Depending on the variety, cabbage takes 60-100 days to mature, so read the info on the seed packet and time your planting appropriately.
Tip: Cabbage plants do best when planted near herbs like dill and rosemary. These herbs harbor beneficial insects which prey on the insects that damage cabbage.
Soil prep for cabbage
Cabbage prefers a fertile soil that drains well and is high in organic matter, so work a significant amount of compost into your soil before planting. A neutral soil pH of 7 is fine, but cabbage will do best in a soil pH of 6.5 – 6.8.
Cabbage needs plenty of water
Cabbage roots are very shallow and they quickly dry out., which causes stress for the plant and reduced head size. The goal of watering cabbage is to maintain even soil moisture to provide a steady supply of water. In the absence of rainfall, add 1-2″ of water per week. Consistent watering is key, as uneven moisture can result in mature heads that split open. A 2″ organic mulch around the plants can help retain soil moisture.
When to harvest cabbage
Harvest cabbage when the heads reach full size and are firm. To harvest, simply cut the head from the stem at the soil line. Keep the wrapper leaves intact for protection.

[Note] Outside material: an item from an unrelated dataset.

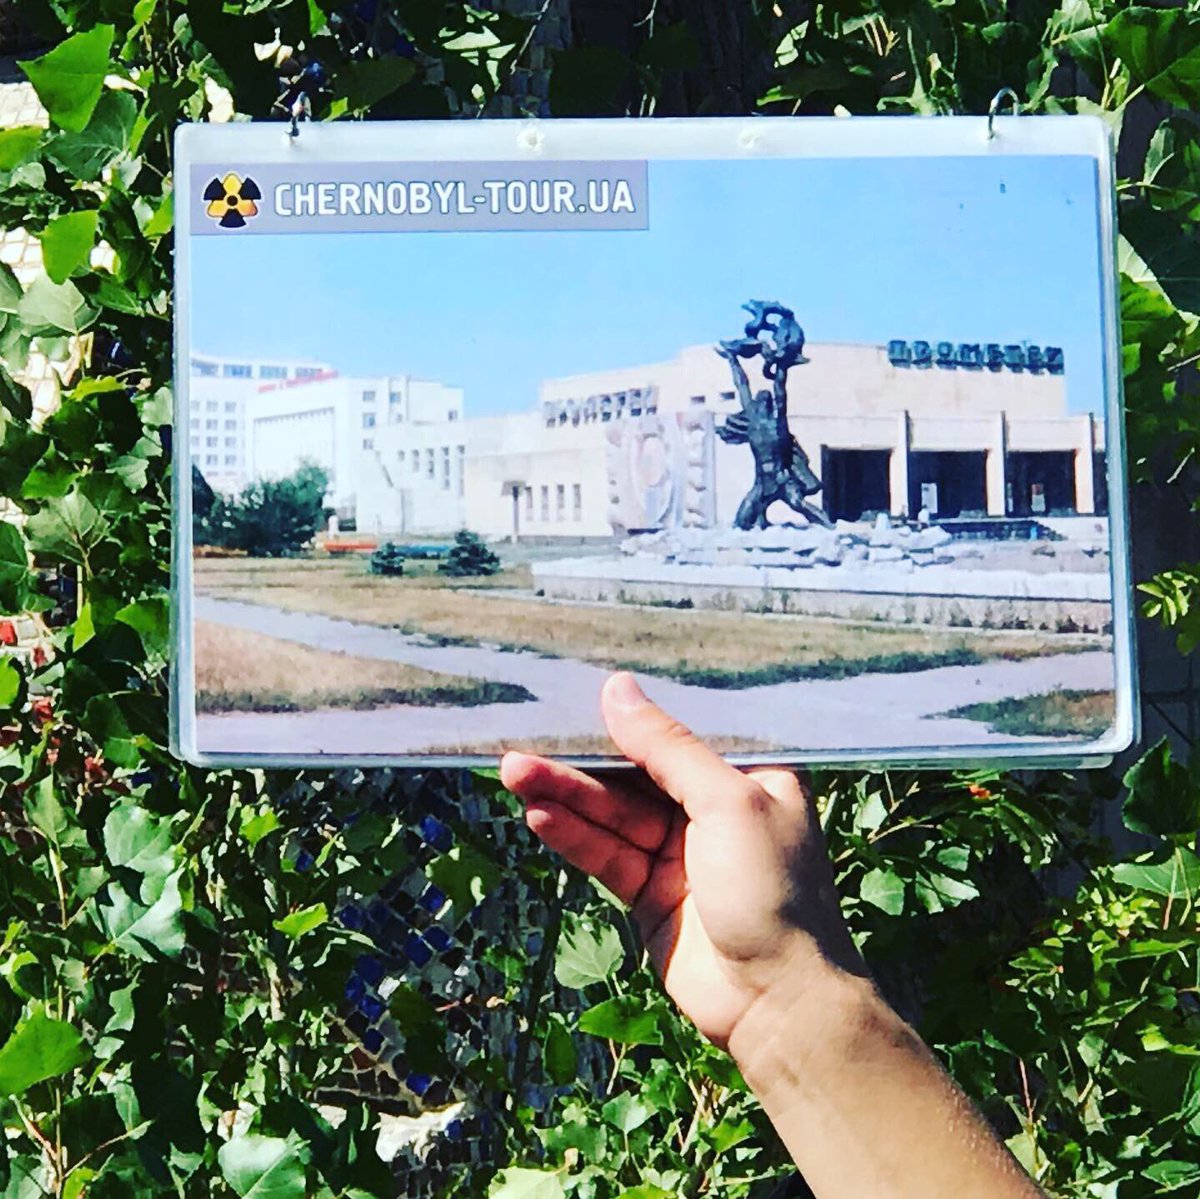 On découvre ensuite la salle de musique et la salle de cinéma. De superbes sculptures en mosaïque ornent leurs frontons.  #Tchernobyl  (Plus de photos:  http://Instagram.com/nashtagstagram )

Cabbage heads should be harvested when they reach a usable size and are firm and compact. Cut the head from the stem leaving 2-3 wrapper leaves for protection. If cabbages are left in the garden too long after maturing, they are subject to head splitting. You can slow this and keep the cabbage in your garden a little longer by twisting the heads a little or slicing the roots.
Tip: On some varieties, if you harvest the head and leave some of the outer leaves and stem planted, smaller heads may grow from the stem for a second harvest.
Cold storage for cabbage is a little tricky, as it requires a temperature of 32-40 degrees and 95% humidity. This perfectly describes a root cellar. As 99% of us don’t have access to this ancient convenience, we’re stuck with modern refrigeration. However, refrigerators are very low in humidity and average around 40-42 degrees. Therefore, you can store cabbage fresh for about 30 days in teh fridge, freeze it for use in soups and stews later, can cabbage, or ferment it. For the best flavor, eat soon after picking. Avoid storing cabbage with apples, pears, or other ethylene producing fruits as bitter flavors will develop.